═══ The records

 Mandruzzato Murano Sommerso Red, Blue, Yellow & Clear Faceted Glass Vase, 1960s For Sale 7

══════
═══ The records

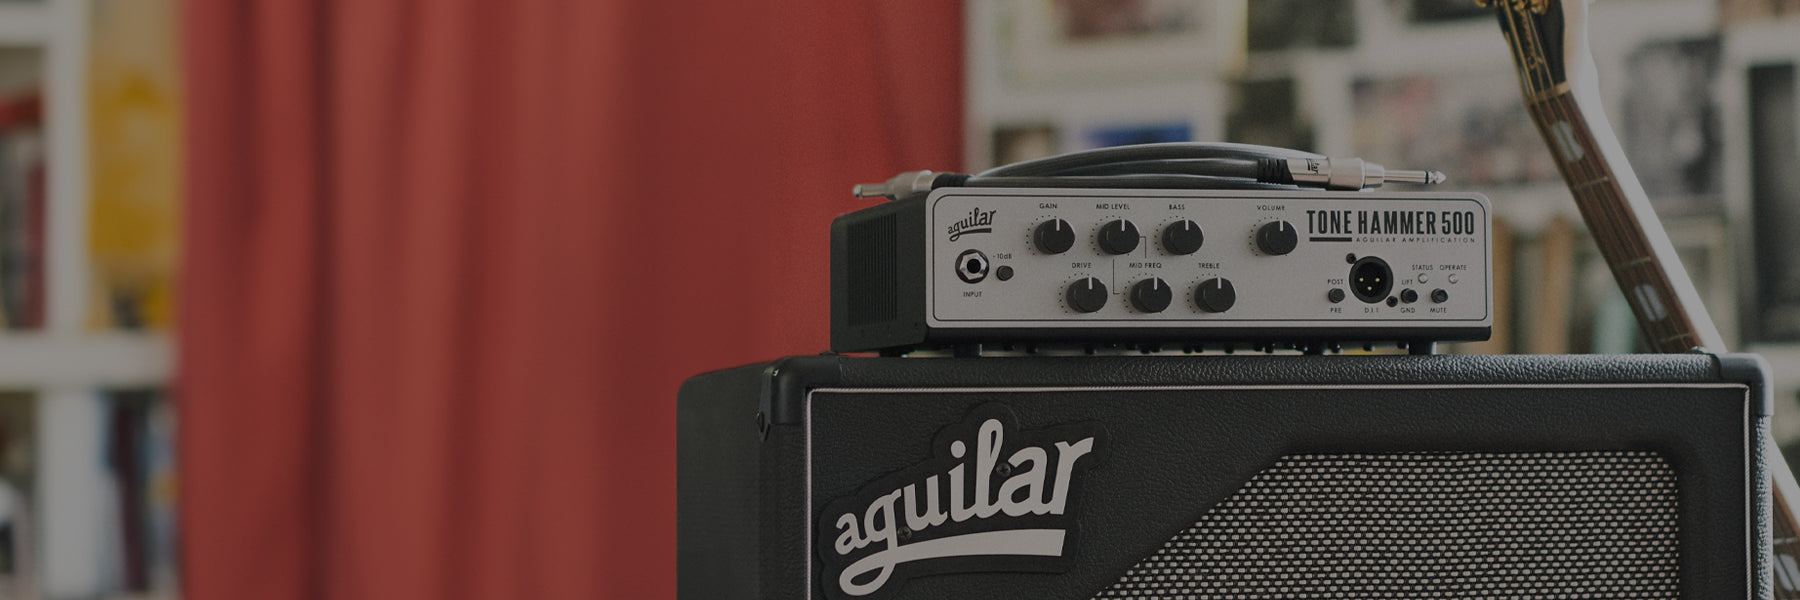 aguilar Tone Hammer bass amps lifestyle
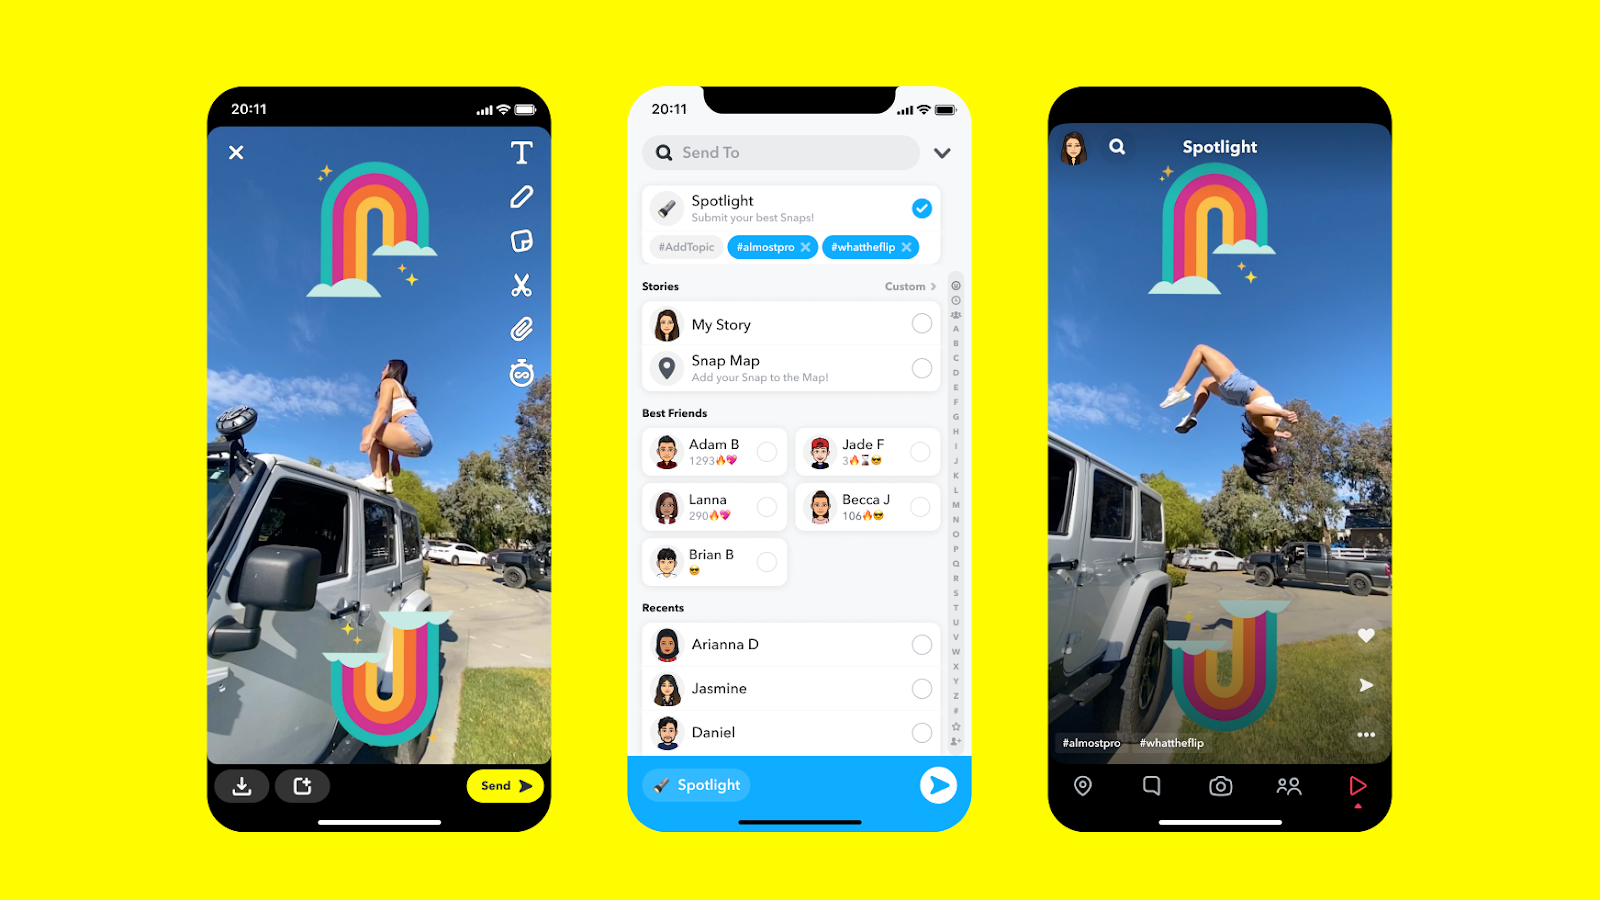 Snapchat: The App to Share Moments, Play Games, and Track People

══════
═══ The records

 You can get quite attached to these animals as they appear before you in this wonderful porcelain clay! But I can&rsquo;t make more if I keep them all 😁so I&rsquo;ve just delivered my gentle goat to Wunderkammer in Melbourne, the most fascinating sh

══════

# Exercise
Within the listing above, write out the stretch from the line with "aguilar Tone Hammer bass amps lifestyle" through the line with "Snapchat: The App" exactly. Any pictures are to be left out.

# Exercise solution
 aguilar Tone Hammer bass amps lifestyle
 Snapchat: The App to Share Moments, Play Games, and Track People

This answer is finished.